On January 16, 1934, Barrow orchestrated the escape of Hamilton, Methvin and several others in the "Eastham Breakout". The brazen raid generated negative publicity for Texas, and Barrow seemed to have achieved what historian Phillips suggests was his overarching goal: revenge on the Texas Department of Corrections.

Barrow Gang member Joe Palmer shot Major Joe Crowson during his escape, and Crowson died a few days later in the hospital. This attack attracted the full power of the Texas and federal government to the manhunt for Barrow and Parker. As Crowson struggled for life, prison chief Lee Simmons reportedly promised him that all persons involved in the breakout would be hunted down and killed. All of them eventually were, except for Methvin, who preserved his life by turning on the gang and setting up the ambush of Barrow and Parker.

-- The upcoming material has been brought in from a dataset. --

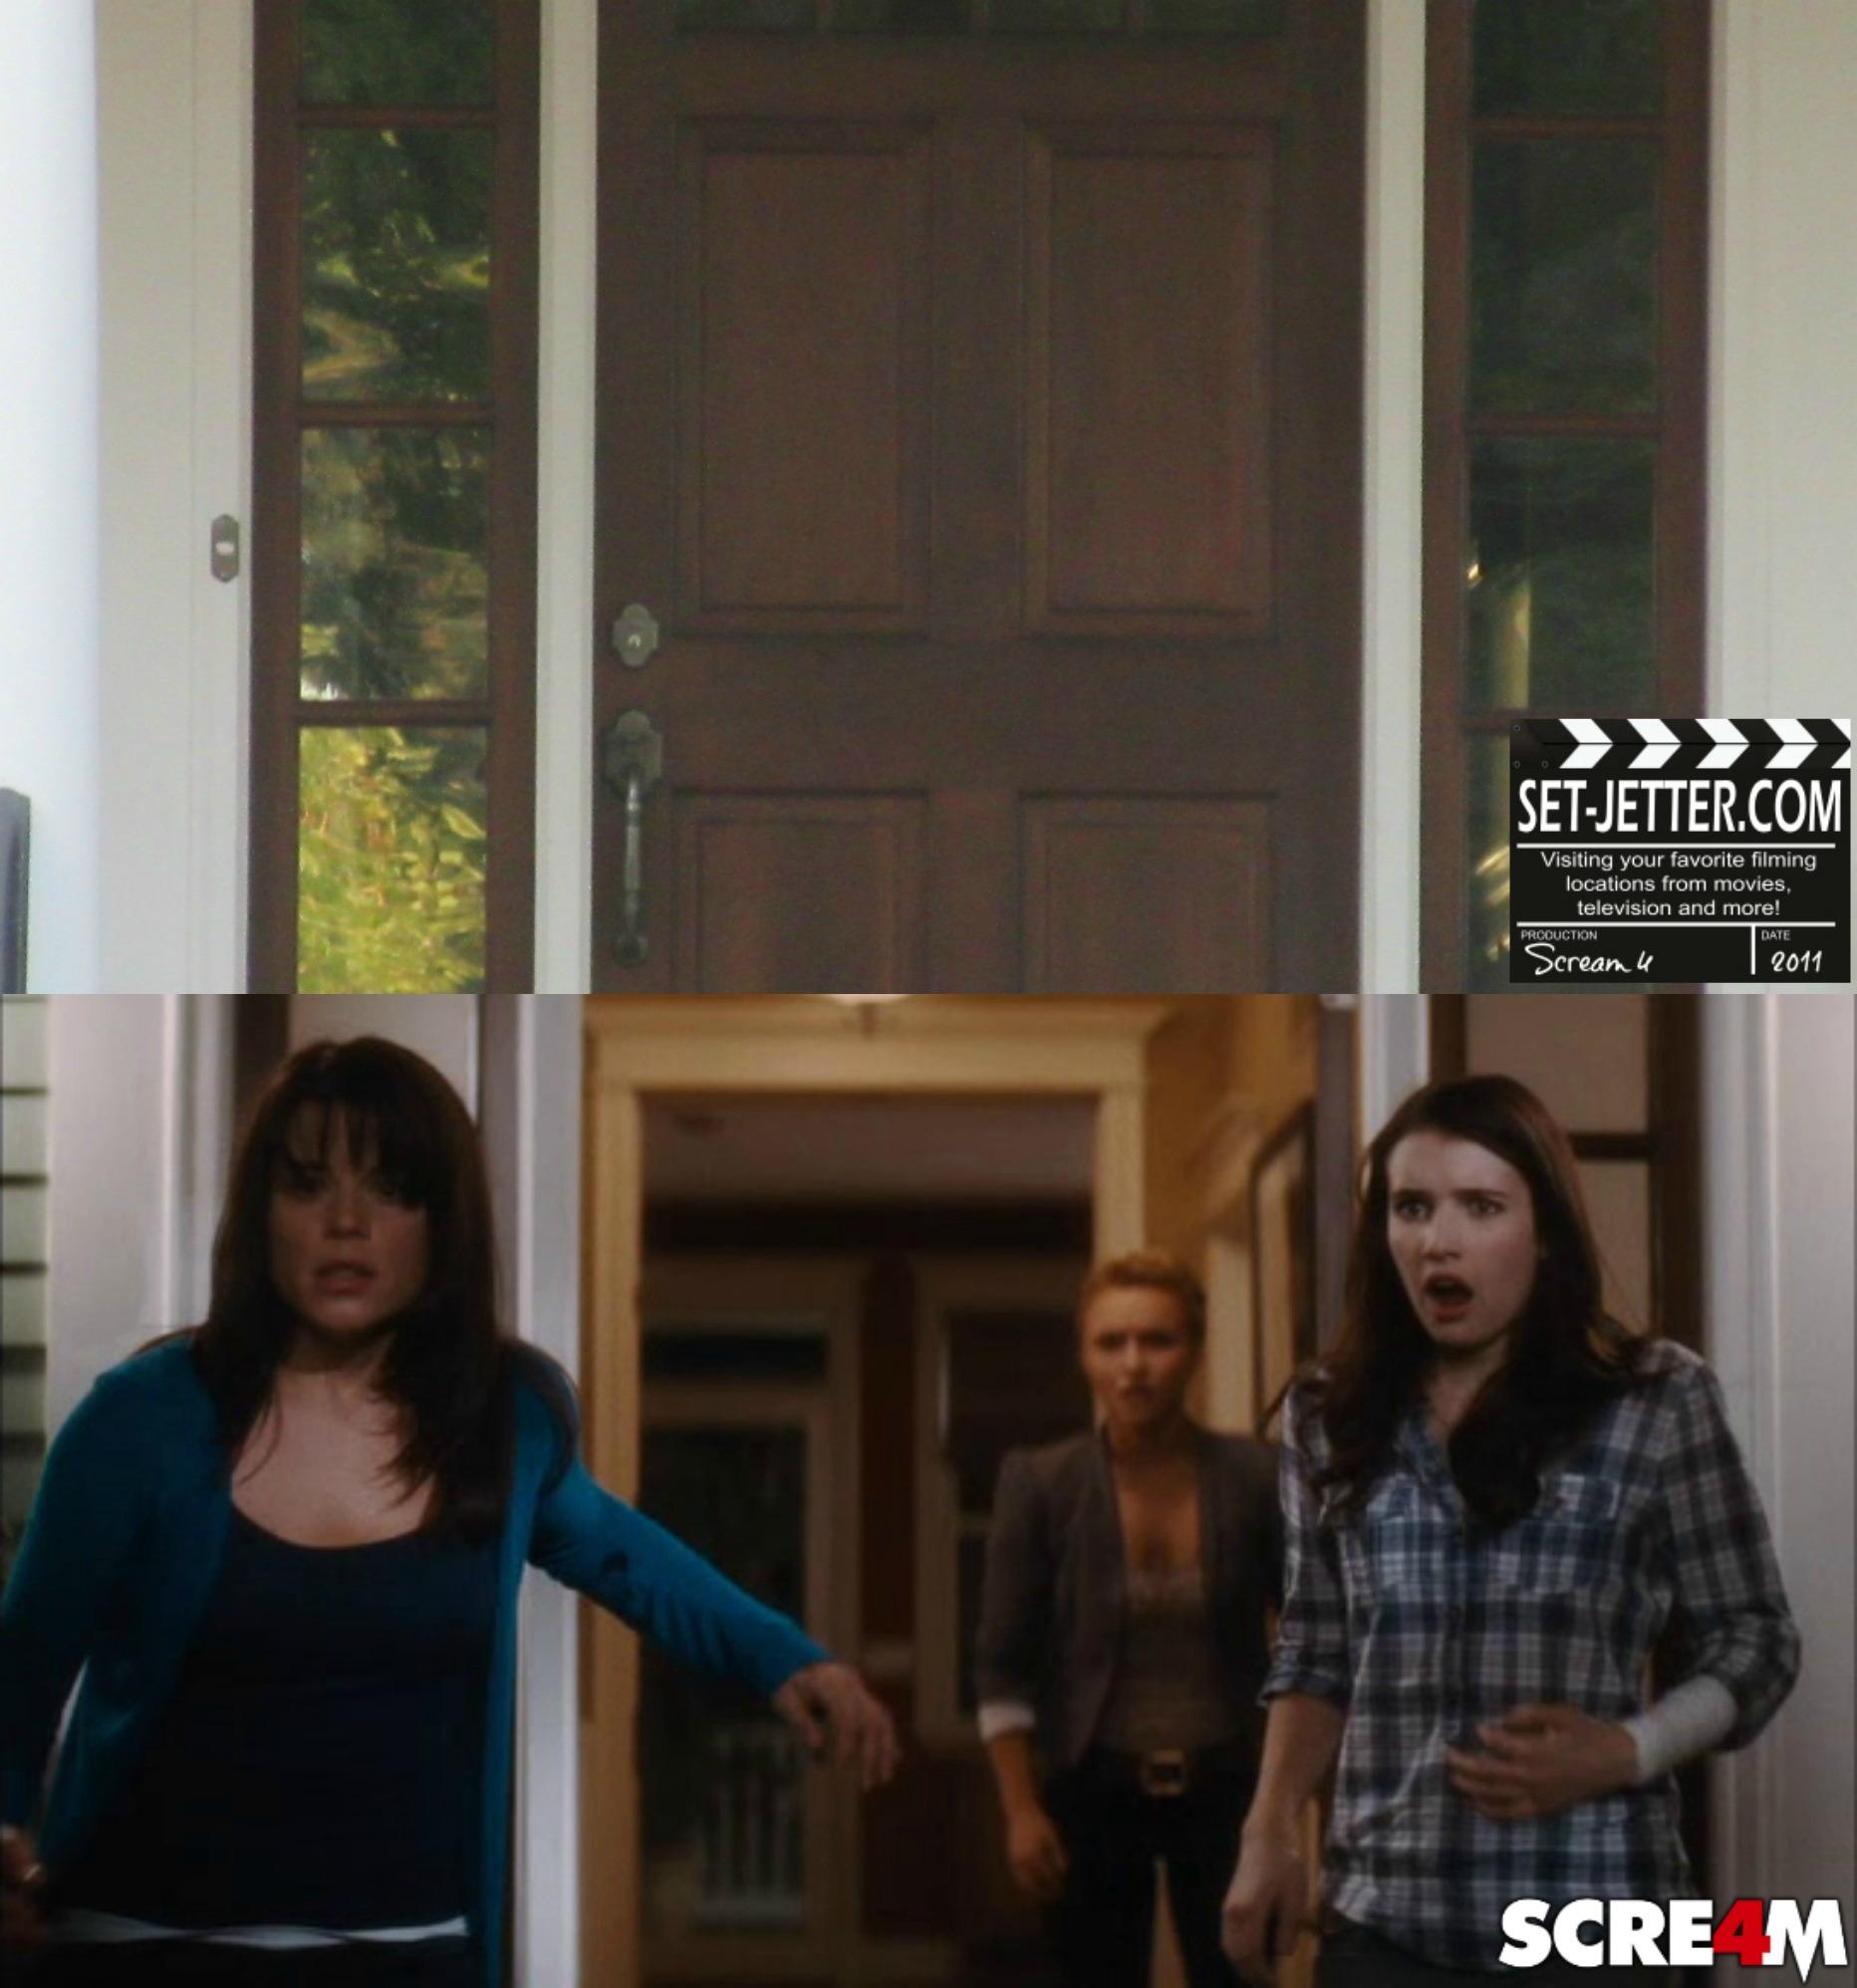 Scream4 comparison 144.jpg

The Texas Department of Corrections contacted former Texas Ranger Captain Frank Hamer and persuaded him to hunt down the Barrow Gang. He was retired, but his commission had not expired. He accepted the assignment as a Texas Highway Patrol officer, secondarily assigned to the prison system as a special investigator, and was given the specific task of taking down the Barrow Gang.

Hamer was tall, burly and taciturn, unimpressed by authority and driven by an "inflexible adherence to right, or what he thinks is right". For twenty years, he had been feared and admired throughout Texas as "the walking embodiment of the 'One Riot, One Ranger' ethos". He "had acquired a formidable reputation as a result of several spectacular captures and the shooting of a number of Texas criminals". He was officially credited with 53 kills, and suffered seventeen wounds. Three of Hamer's four brothers were also Texas Rangers. Brother Harrison was the best shot of the four, but Frank was considered the most tenacious.

Prison boss Simmons always said publicly that Hamer had been his first choice, although there is evidence that he first approached two other Rangers, both of whom declined because they were reluctant to shoot a woman. Starting on February 10, Hamer became the constant shadow of Barrow and Parker, living out of his car, just a town or two behind them.

On Easter Sunday, April 1, 1934, at the intersection of Route 114 and Dove Road, near Grapevine, Texas (now Southlake) Texas Highway Patrolmen H.D. Murphy and Edward Bryant Wheeler stopped their motorcycles thinking a motorist needed assistance. Barrow and either Methvin or Parker opened fire with a shotgun and handgun, killing both officers. An eyewitness account said that Parker fired the fatal shots; this story received widespread coverage. Methvin later claimed that he fired the first shot after mistakenly assuming that Barrow wanted the officers killed. Barrow joined in, firing at Murphy.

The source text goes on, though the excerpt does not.